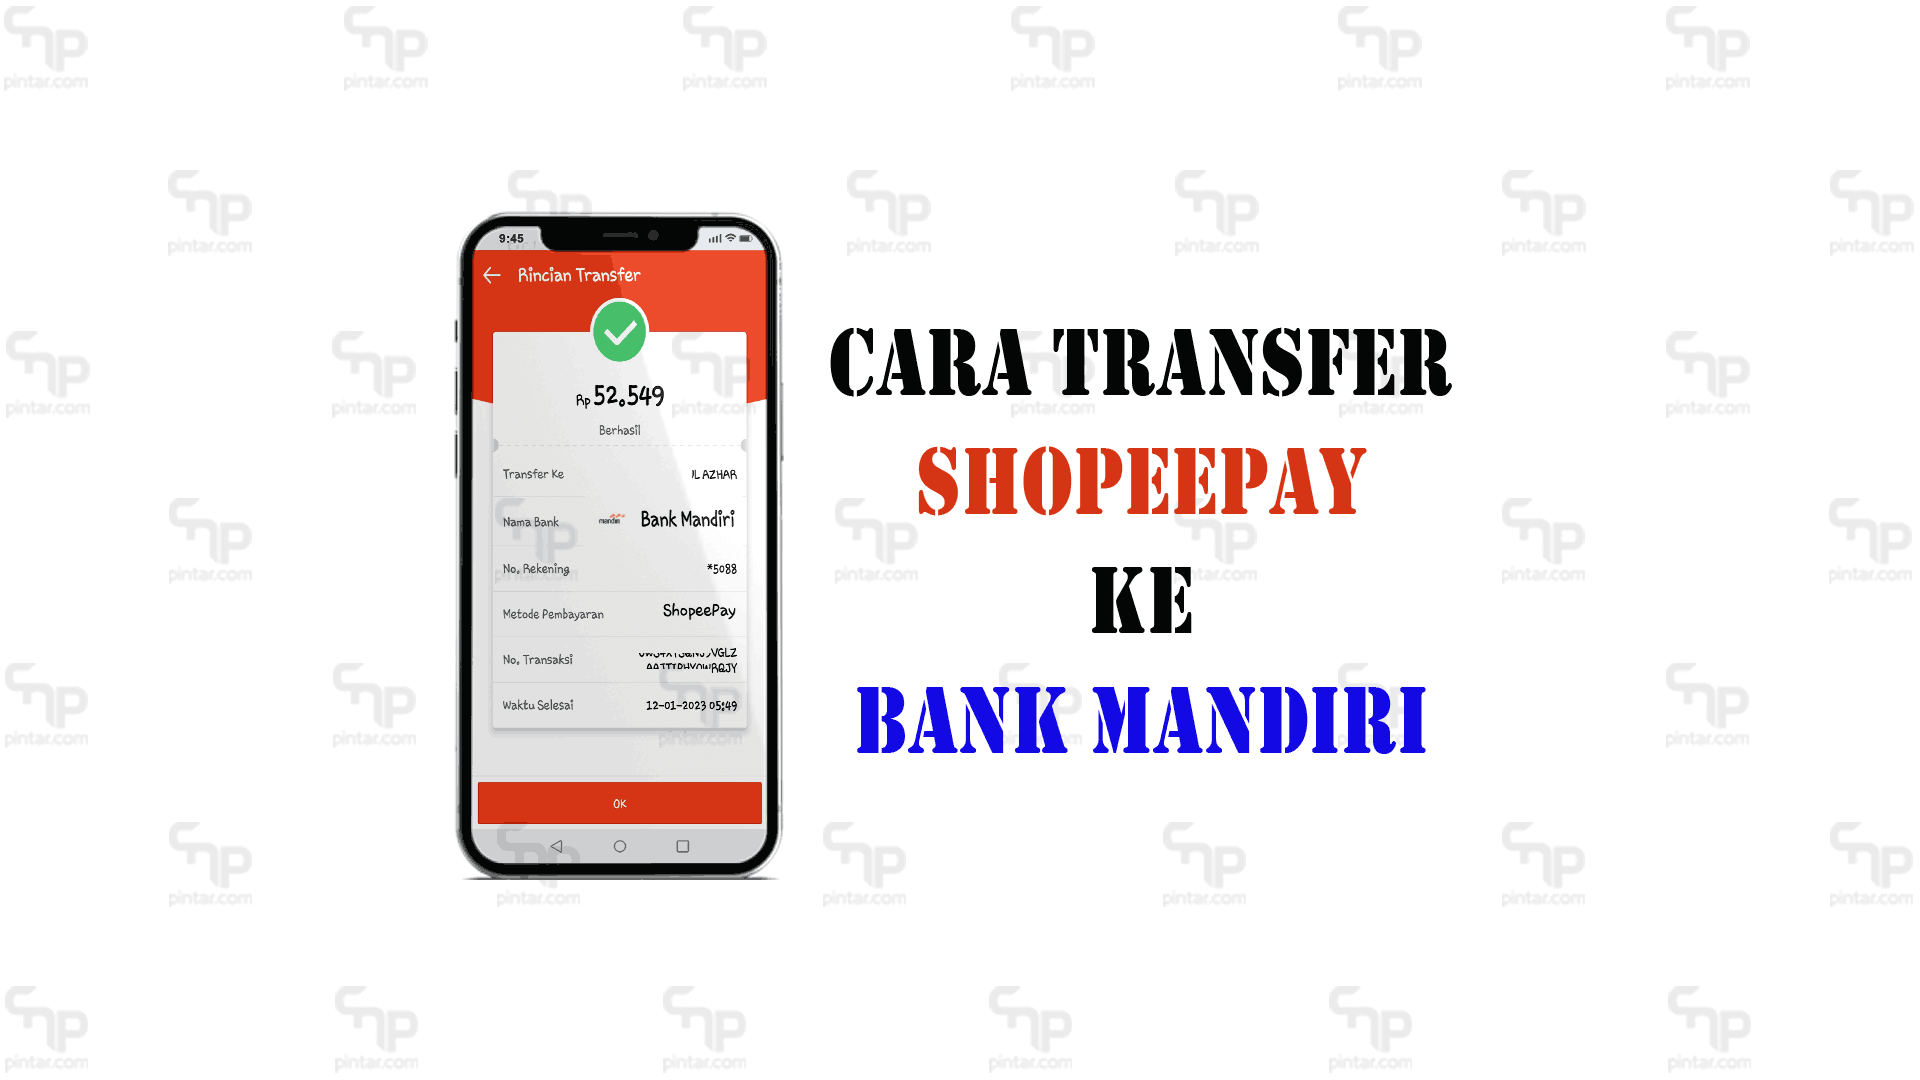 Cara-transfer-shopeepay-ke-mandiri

######

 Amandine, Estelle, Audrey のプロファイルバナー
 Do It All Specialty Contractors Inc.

######

[TASK TO CARRY OUT] Everything from the line with "Amandine, Estelle, Audrey のプロファイルバナー" through the line with "Do It All Specialty Contractors Inc." should be written out exactly as it appears above, end lines included, and nothing outside that range.

[ANSWER BOX]
 Amandine, Estelle, Audrey のプロファイルバナー
 Do It All Specialty Contractors Inc.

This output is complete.